Please state in which country your phrase tends to be used, what the phrase is, and what it should be.
Example:
In America, recently came across “back-petal”, instead of back-pedal. Also, still hearing “for all intensive purposes” instead of “for all intents and purposes”.
Yep. This is the one. It irks the heck out of me when people are saying something to the effect of “I had a bad experience once, now I’m tired and fatigued about this situation in the future.”
Or “I would be worn out, like after a long hike or something, about things that sound too good to be true, folks! Be careful!”

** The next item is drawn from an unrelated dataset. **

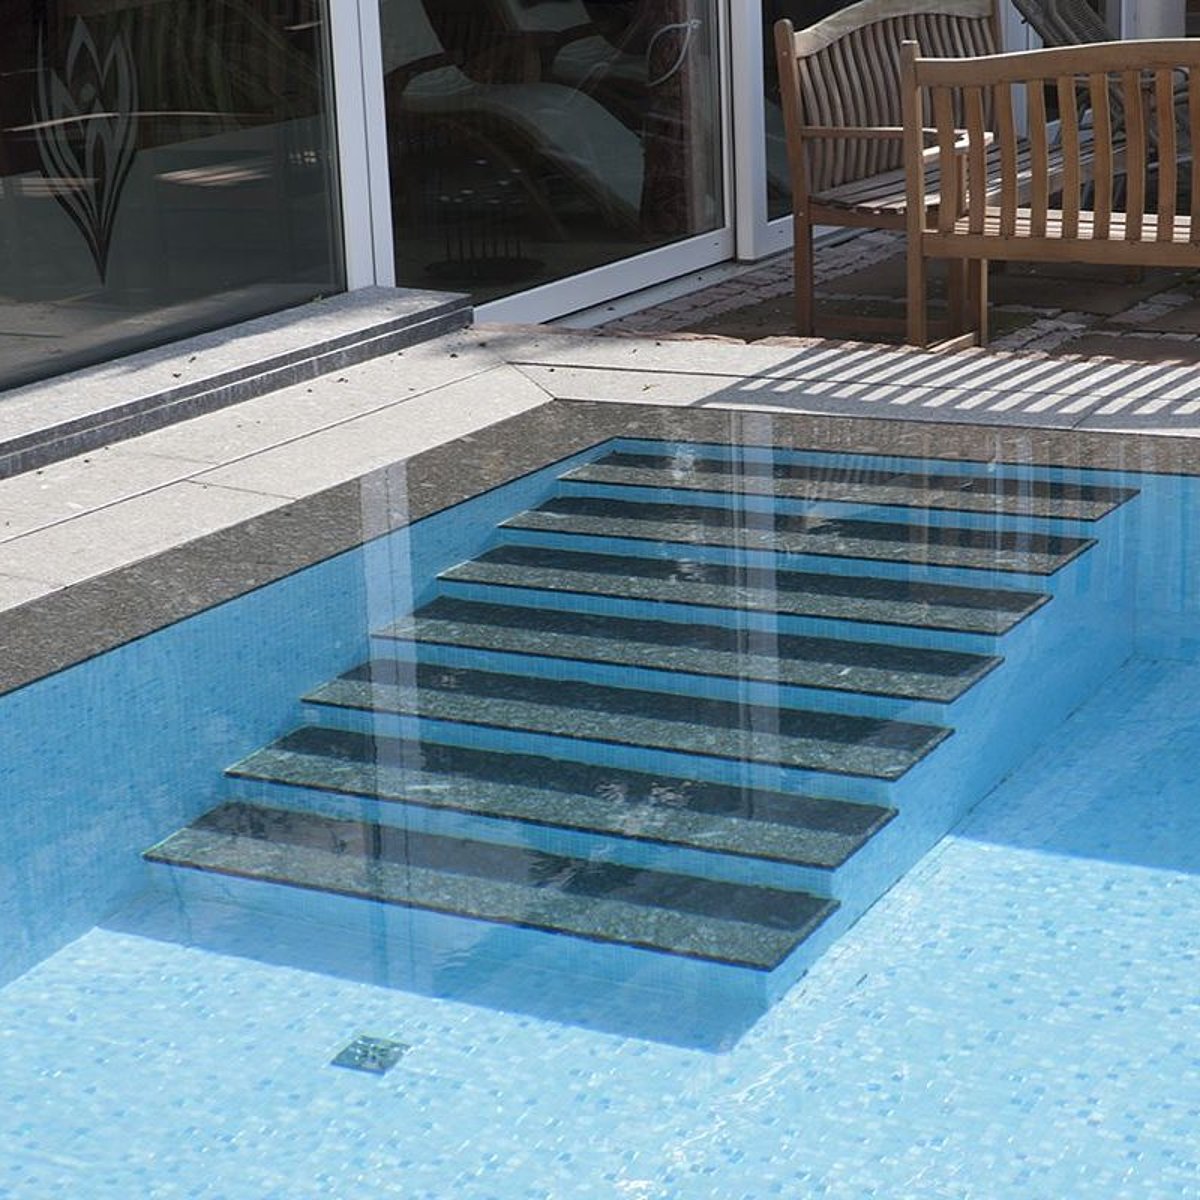 Ein Swimming Pool mit Einstiegstreppe, die mit Naturstein gestaltet wurde – passend zum Beckenumlauf.

Agghhh! Lol. I get English can be awfully confusing sometimes but I’ve been seeing this one pop up a LOT more recently.
(Dis)honors also go to “loosing my keys” or “being a stealthy rouge”
Like I get someone tried to say leery or wary at the same time and it came out all jumbled. But then the mistake took on a terrible life of its own.
Lol exactly! I’m sure there’s gotta be some studies on this, with the prevalence of review-less written words all over the internet, and a lot of users interacting with it at a young age, or being newer to English, I’m sure there’s plenty of instances where they see it done wrong and just go “Hey that must be how it works!”
And it just spreads from there. But c’mon, this wouldn’t be so bad with a basic foundation in phonetics, folks! :(
I only wish:
I actually kinda appreciated the reddit bots that did this. They weren’t wrong and only the severest of simpletons goes ape on an automated script lol.